Revista Sabe Bem PD - julho/agosto

Municípios do distrito do Porto apresentam discrepâncias na compra de casa

Municípios do distrito do Porto apresentam discrepâncias na compra de casa

Apesar de a pandemia estar a alterar a vida de milhares de portugueses, o desejo de comprarem habitação própria continua a manter-se, parecendo, inclusive, ter ganho especial relevância desde o último confinamento, decreto em março e abril de 2020. 

Com mais tempo em casa, muitos são os cidadãos que se questionam sobre as comodidades que a habitação lhes pode fornecer, sobretudo quando ainda não têm a possibilidade de ter uma moradia própria. A pensar nos milhares de portugueses que sonham adquirir habitação, a plataforma ComparaJá.pt procurou analisar os custos de comprar um imóvel com recurso a financiamento nos diferentes municípios do distrito do Porto.

Os resultados, sabe-se agora, apresentam algumas disparidades. “Através deste estudo é possível ter-se uma perceção clara da necessidade de se fazer uma análise criteriosa à capacidade financeira na hora de se solicitar um empréstimo para comprar casa, particularmente a taxa de esforço”, alertou José Figueiredo, diretor-geral do ComparaJá. 

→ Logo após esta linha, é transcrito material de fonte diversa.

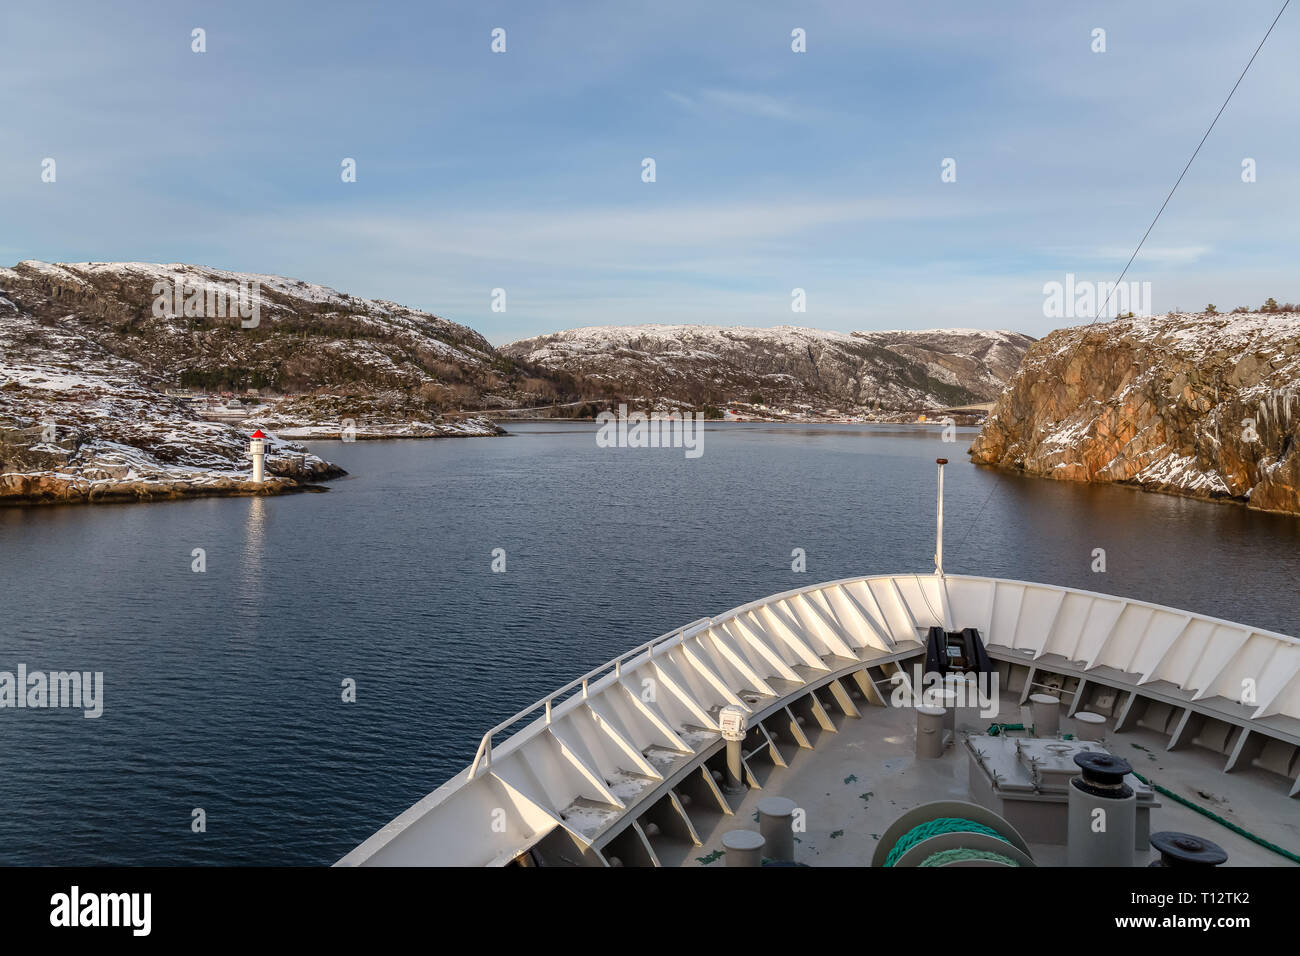 El crucero a través de los fiordos noruegos durante el invierno. Vista desde la parte delantera de un barco de crucero. Foto de stock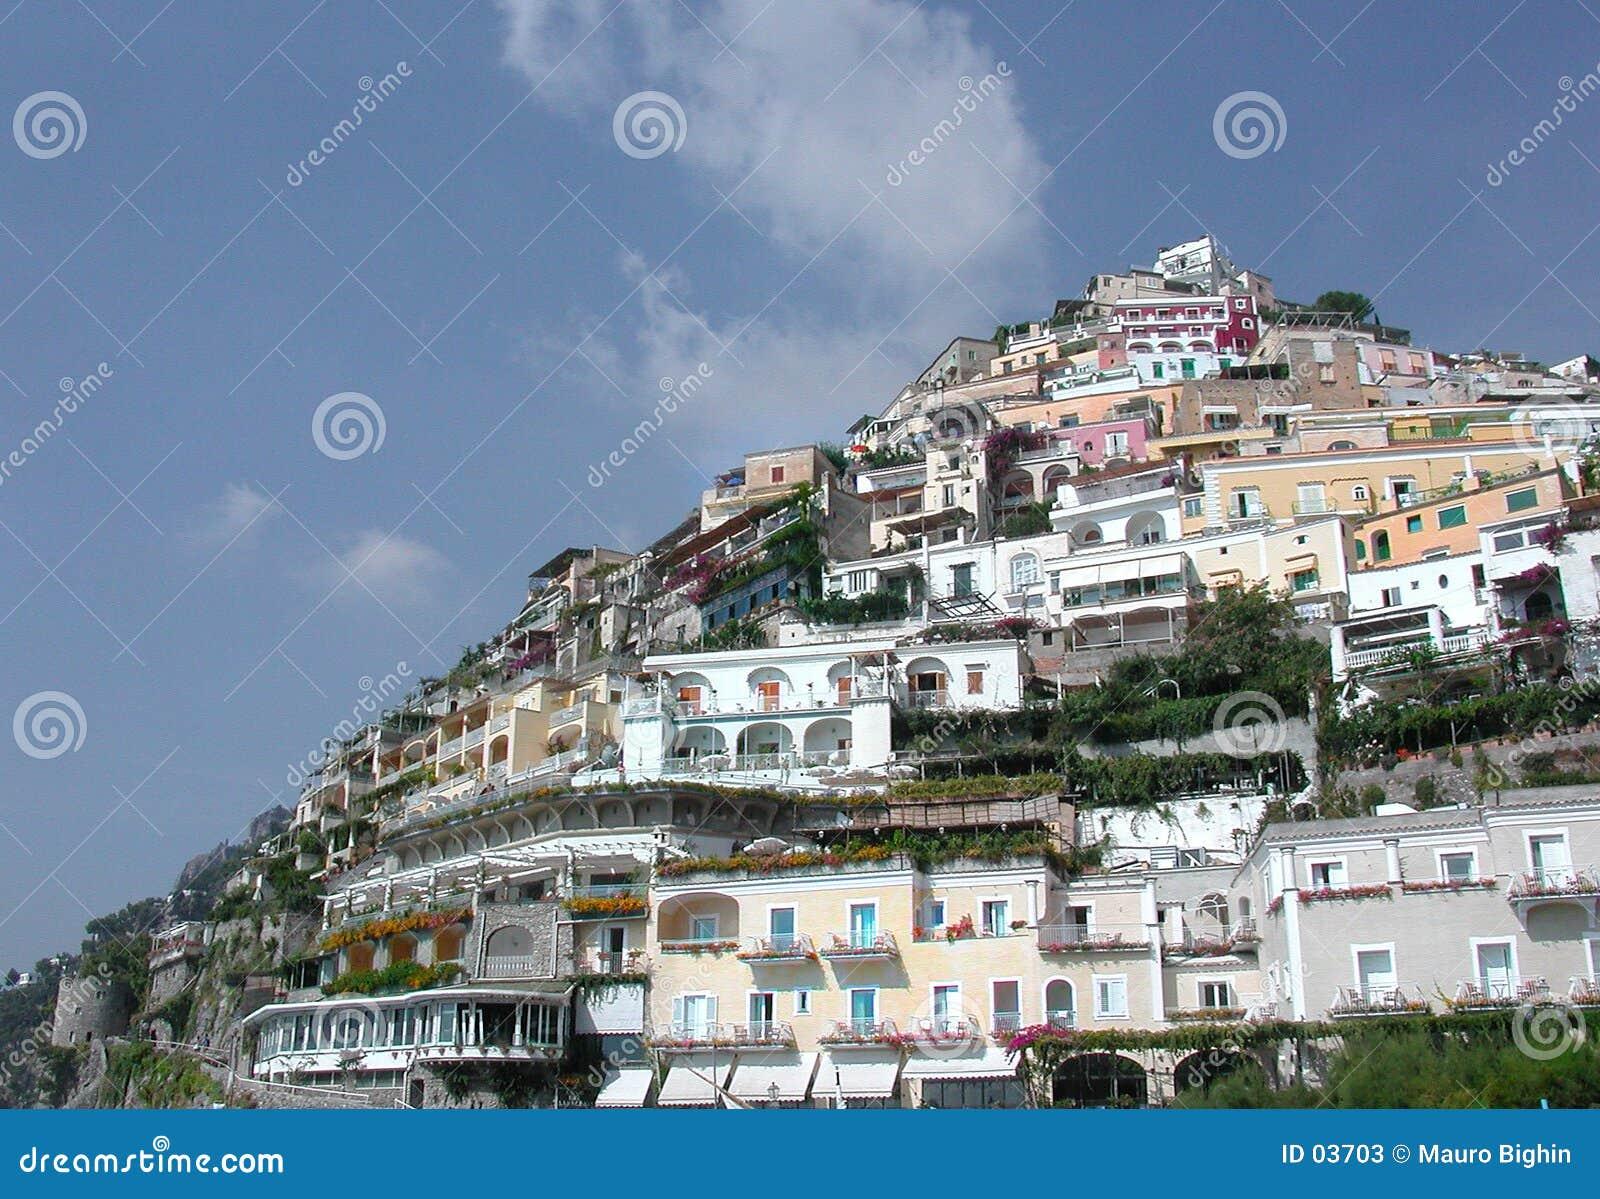 Positano Италии naples

A investigação em causa teve em conta os dados específicos por município no que respeita ao preço por metro quadrado, o salário médio, a taxa de esforço, que, como explicou o responsável, corresponde à “percentagem do rendimento das famílias que é destinada a pagar as prestações dos créditos, sendo que não deverá ser superior a um terço do rendimento total do agregado familiar” e a TAEG média no crédito habitação. 

Na análise, foi também considerada “a poupança prévia necessária para fazer face ao valor da entrada inicial, montante que geralmente corresponde entre 10% a 20% do valor de aquisição do imóvel”. 

No município do Porto, como é possível verificar na tabela abaixo, as famílias têm capacidade financeira para comprar um imóvel apenas com 65 metros quadrados, o valor mais baixo de todos os municípios. 

Além do Porto, também em Matosinhos (67 metros quadrados) e Vila Nova de Gaia (75 metros quadrados), as famílias não poderão ambicionar a aquisição de uma habitação com mais de 80 metros quadrados. 

O município onde existe maior capacidade de adquirir uma habitação com mais metros quadrados é de Marco de Canaveses (181), seguido de Baião (154) e Amarante (151), o que reflete uma discrepância de mais de 100 metros quadrados no que respeita ao município do Porto e o de Marco de Canaveses.  

Na Maia, a dimensão máxima do imóvel que as famílias poderão comprar é de 113 metros quadrados. Em Valongo de 103 e em Gondomar de 98. 

De referir que o estudo em causa tem por base um conjunto de quatro fatores, incluindo o salário médio das famílias de cada município, retirado da PORDATA.